**Exercise brief**
Data follows below. Repeat exactly the lines between the line holding "Lightblue Slim Fit Jeans for Men" and the line holding "rio grande station Black & White Office Art", inclusive, and nothing more; drop pictures.

**Data records**
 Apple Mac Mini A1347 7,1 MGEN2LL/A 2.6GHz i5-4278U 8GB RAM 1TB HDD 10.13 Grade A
...
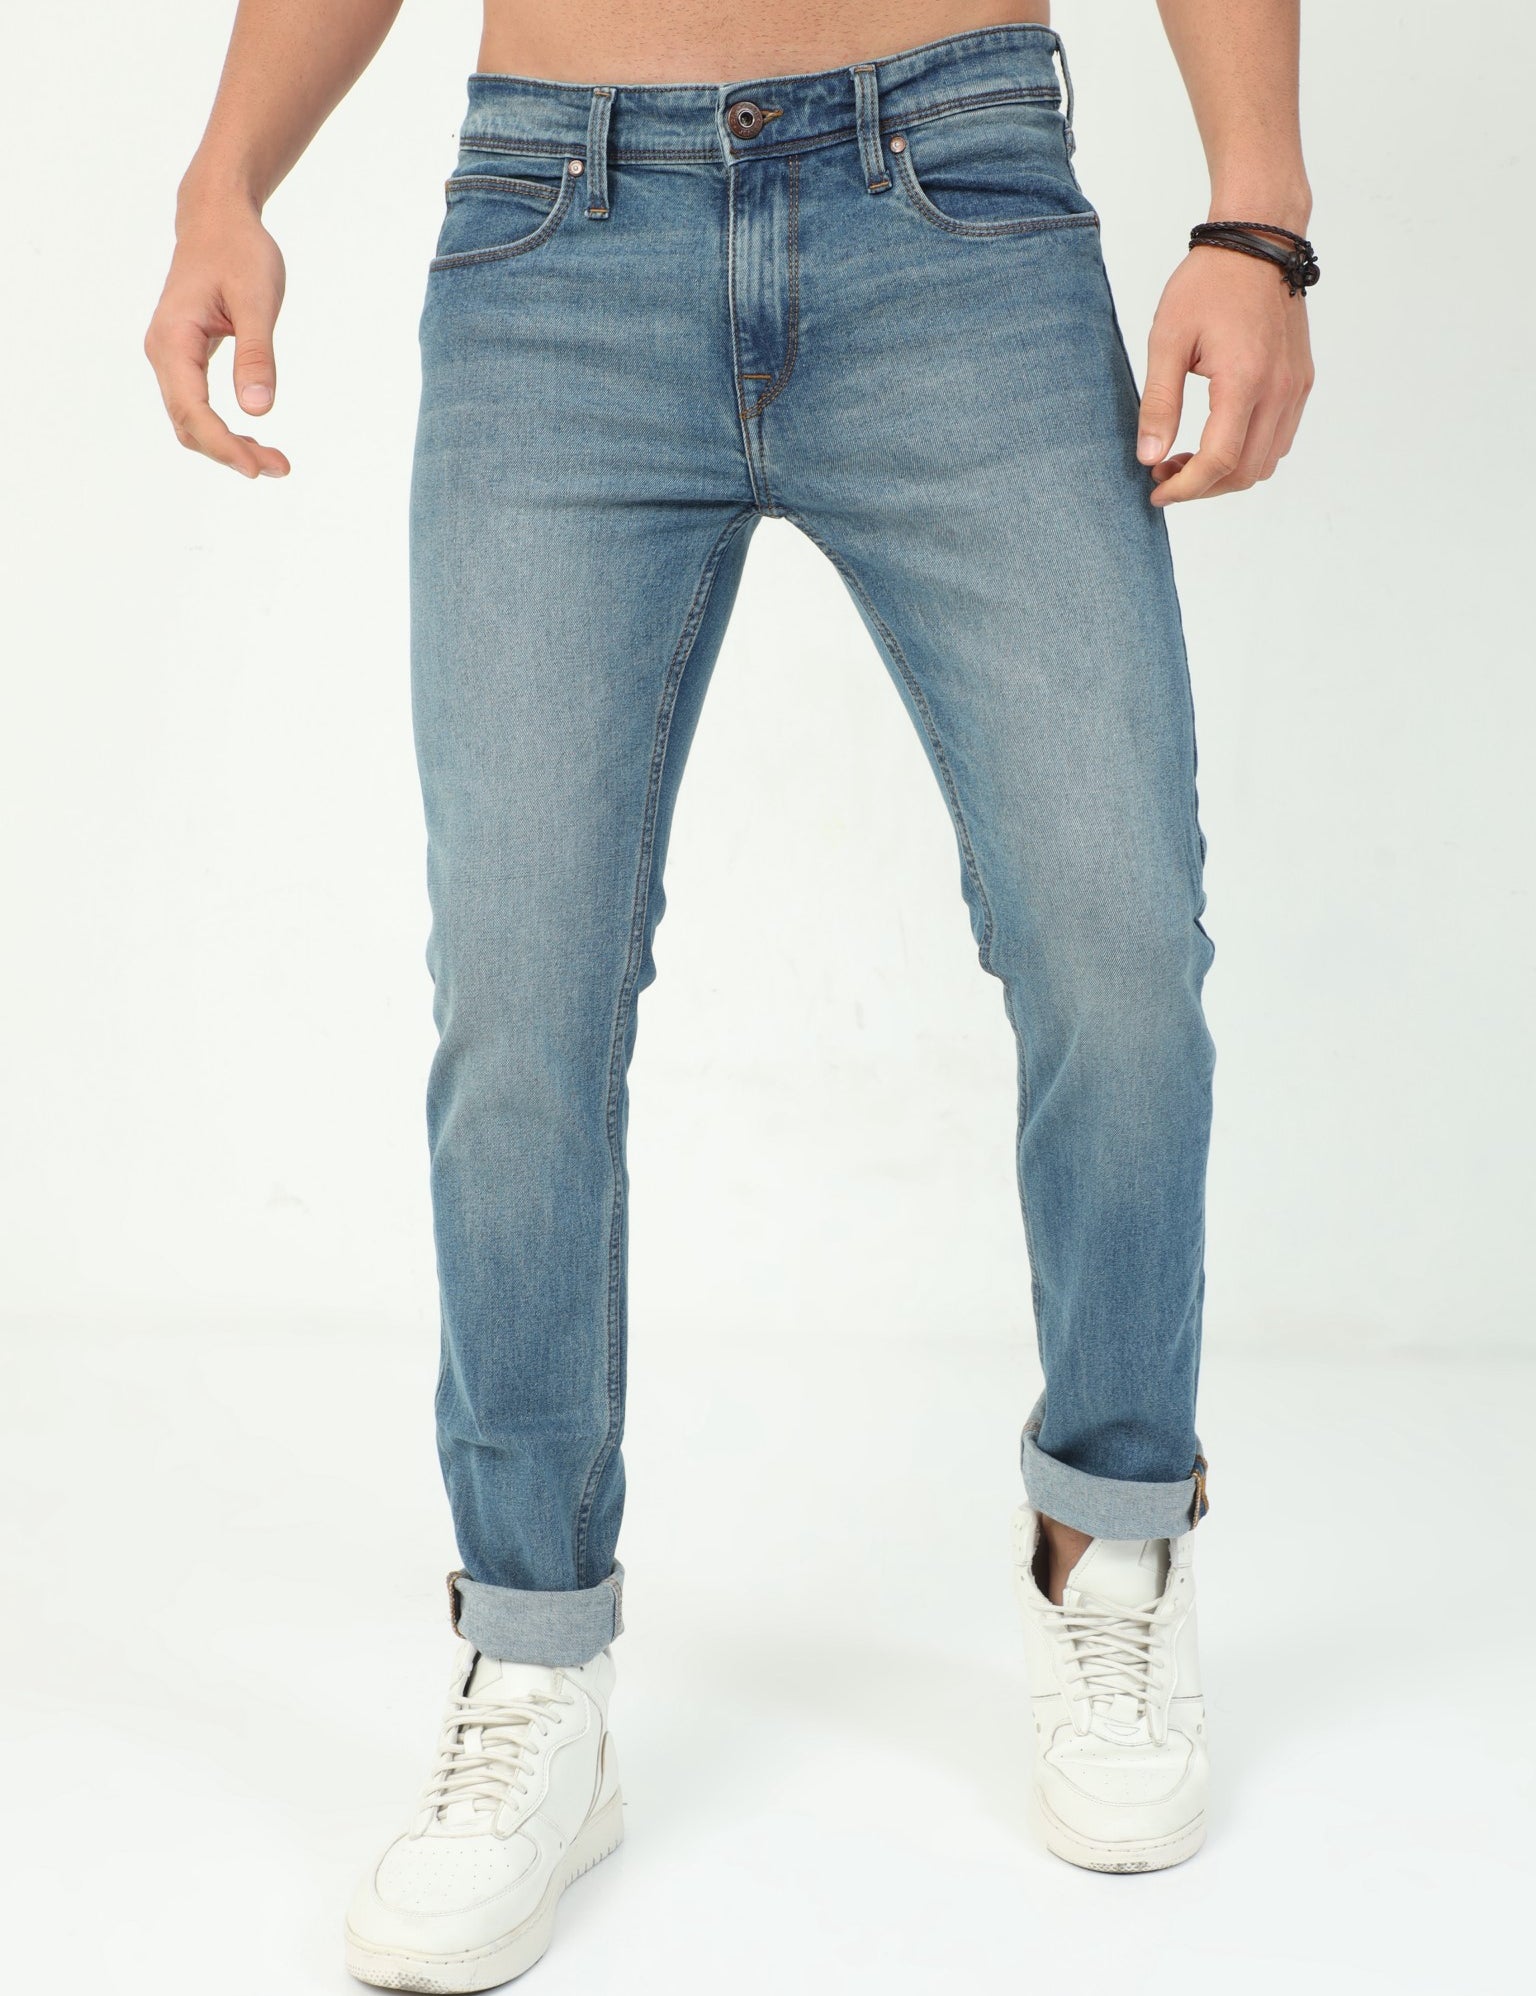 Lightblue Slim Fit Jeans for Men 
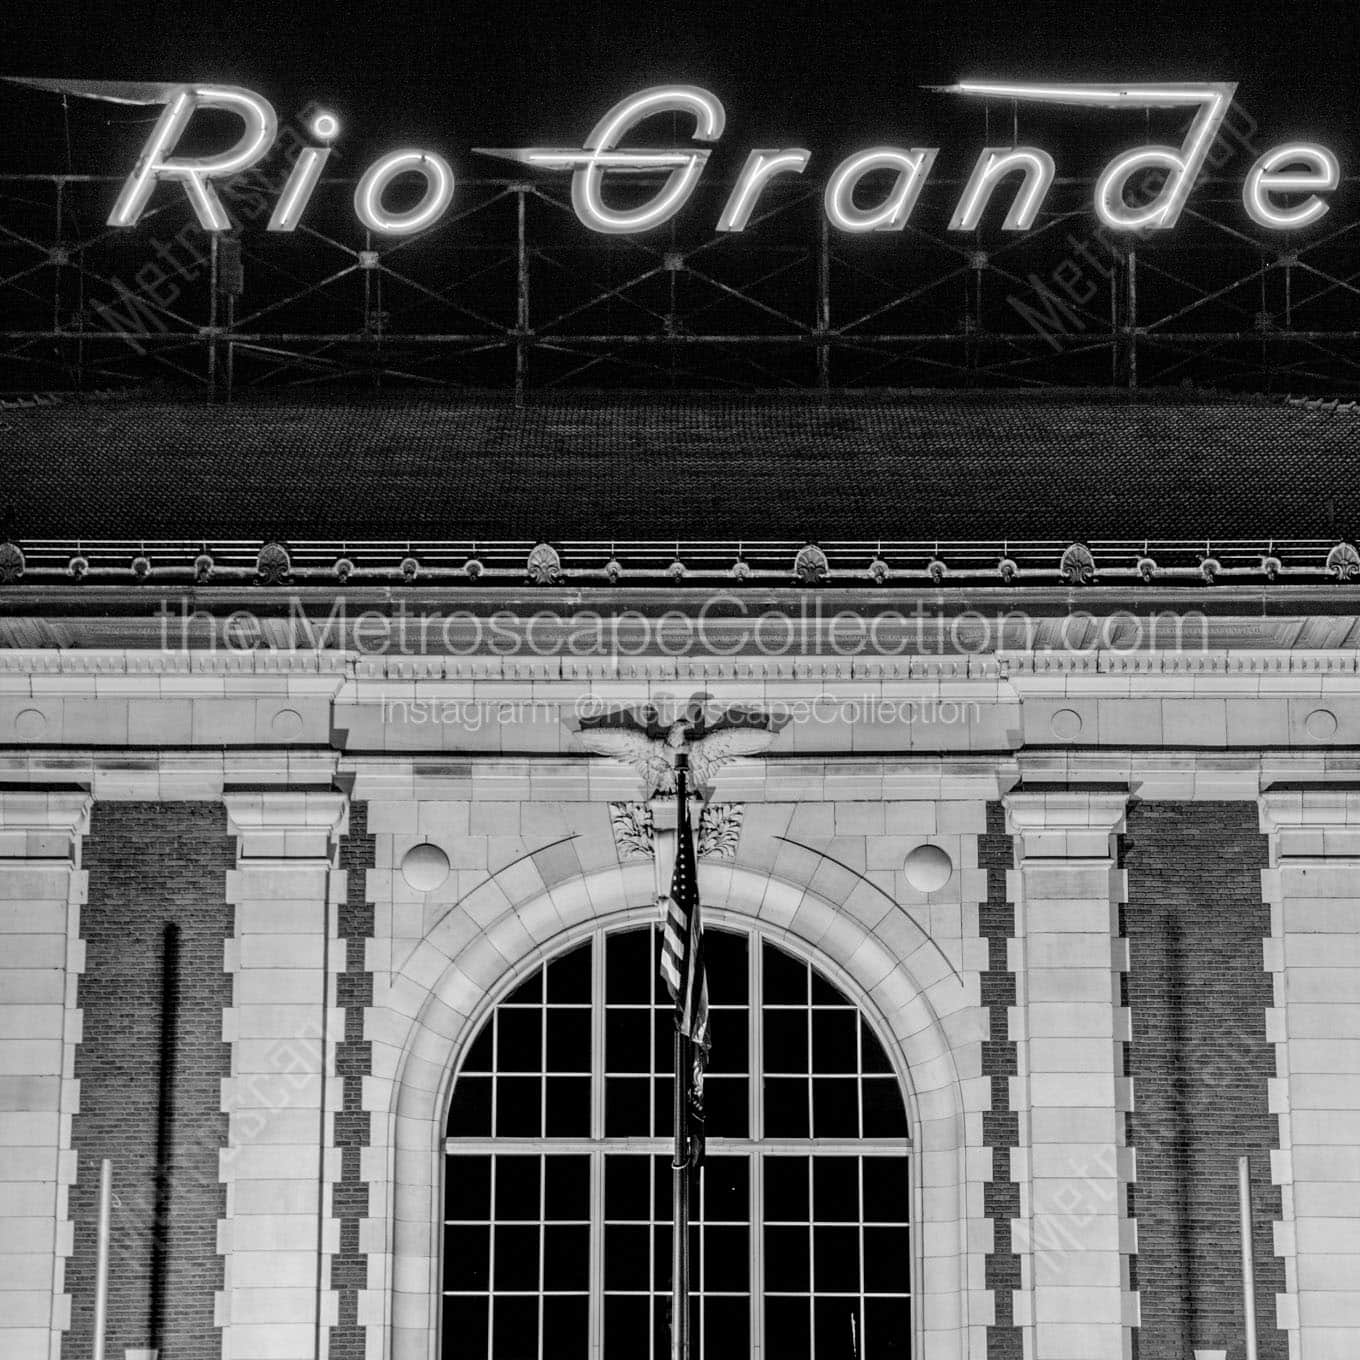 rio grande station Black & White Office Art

**Answer for this exercise**
 Lightblue Slim Fit Jeans for Men 
 rio grande station Black & White Office Art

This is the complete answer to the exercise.